The consumer price index inched higher in November
Progress continues in the Fed’s battle to bring inflation under control, most recently aided by a notable decline in crude oil prices that rippled through energy costs more broadly.
The consumer price index inched higher in November, rising by just 0.1%, a result that was in line with economist’s expectations for the month. That was sufficient to allow the trailing 12-month index reading to edge down to 3.1%, matching its lowest level since March 2021, shortly before inflation surged to multidecade highs.
Despite modest progress in headline inflation, the core index held steady at 4.0%, with the one-month increase holding a bit firmer than the headline result at 0.3%.
The underlying components were once again a mixed bag for the average household, as shelter costs continued to rise at an accelerated pace, food price increases slowed, and gas prices receded.

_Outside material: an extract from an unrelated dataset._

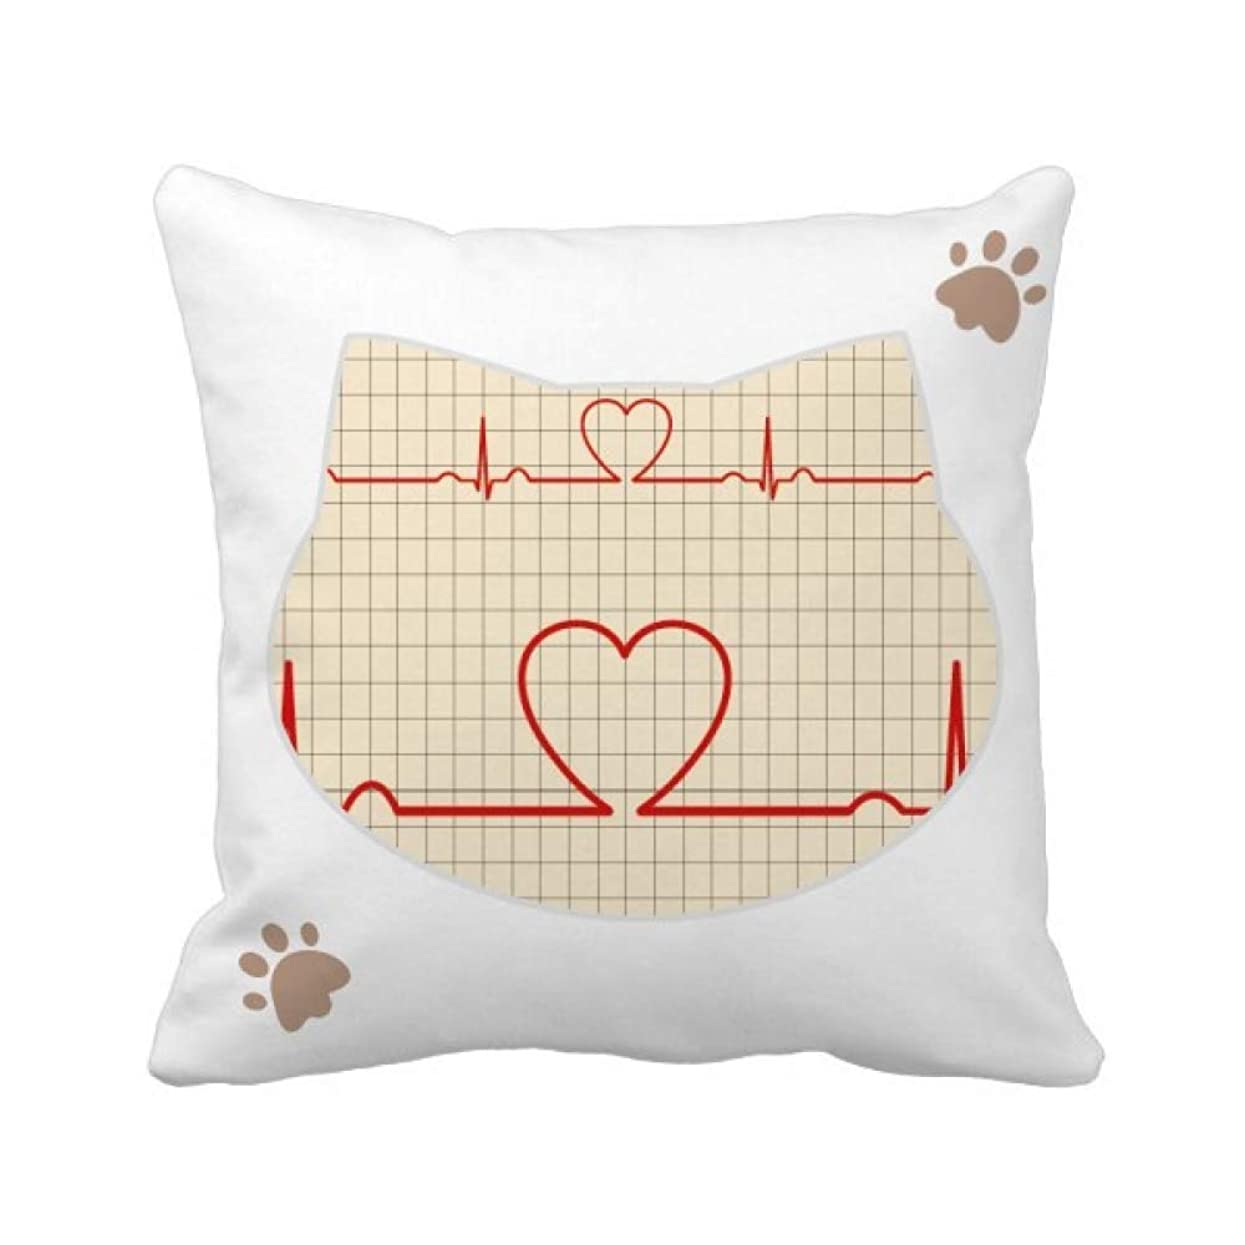 小石流産ジョグ心電図の心の創造的なデザインパターン 枕カバーを放り投げる猫広場 50cm x 50cm
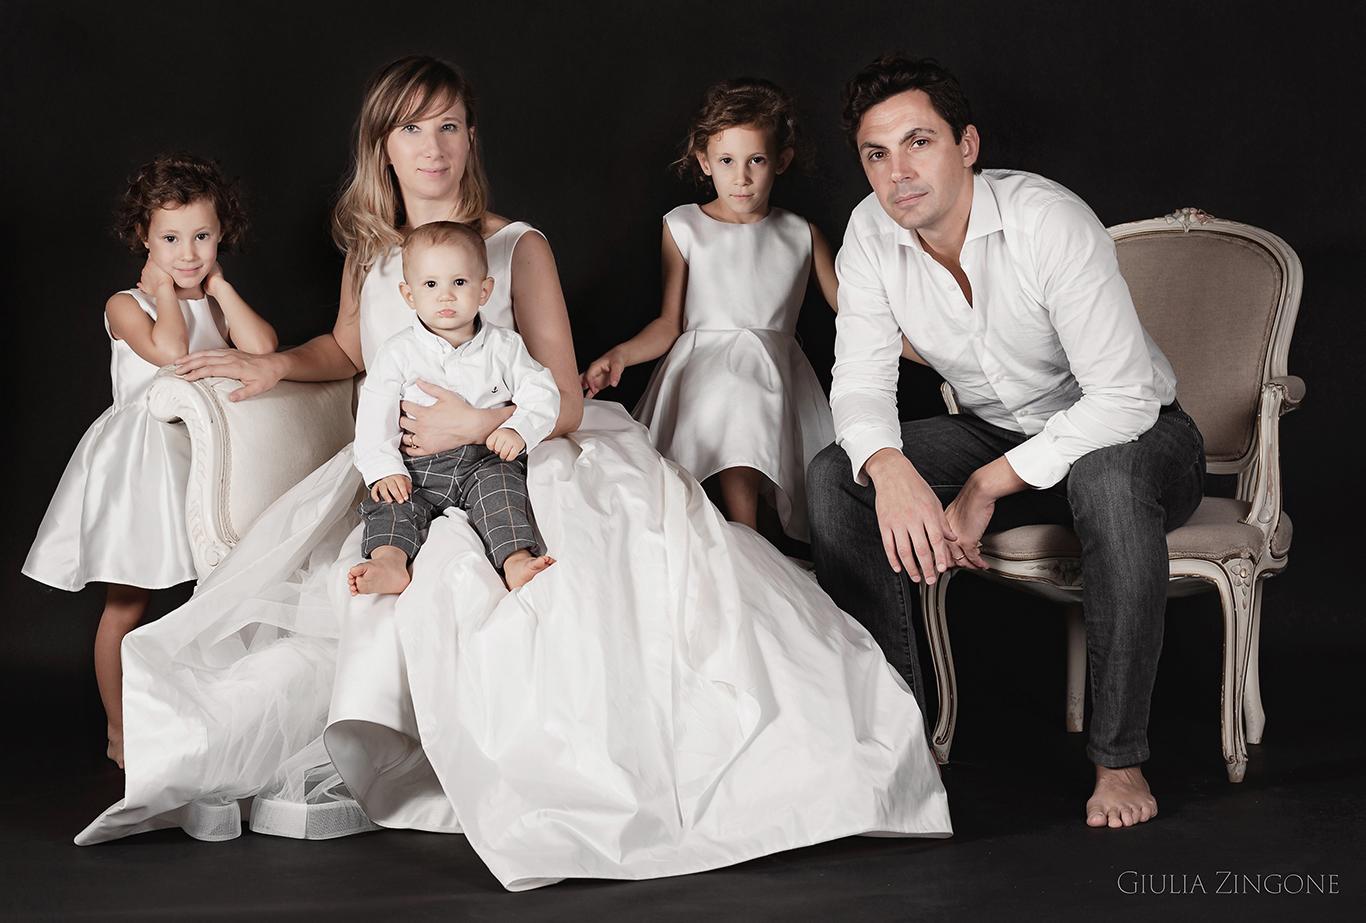 sono felice di annunciare il mio nuovo servizio fotografico family di ritratto in studio a Milano e Trieste

Shelter costs will be a key to further easing in inflation given its significant representation in the index. Rental rates have shown signs of stabilizing already, although it takes time for the effects to filter into the index. The delayed effect of relative rent stability should help to bring core inflation further back toward the Fed’s 2% target, although the timing remains in doubt.
The report had a little something for everyone. Inflation pressures continue to recede, although the pace of decline doesn’t provide an unequivocal “all-clear” signal for Fed policymakers. Core inflation in particular remains well above the Fed’s target and the pace of progress toward that goal has slowed in recent months.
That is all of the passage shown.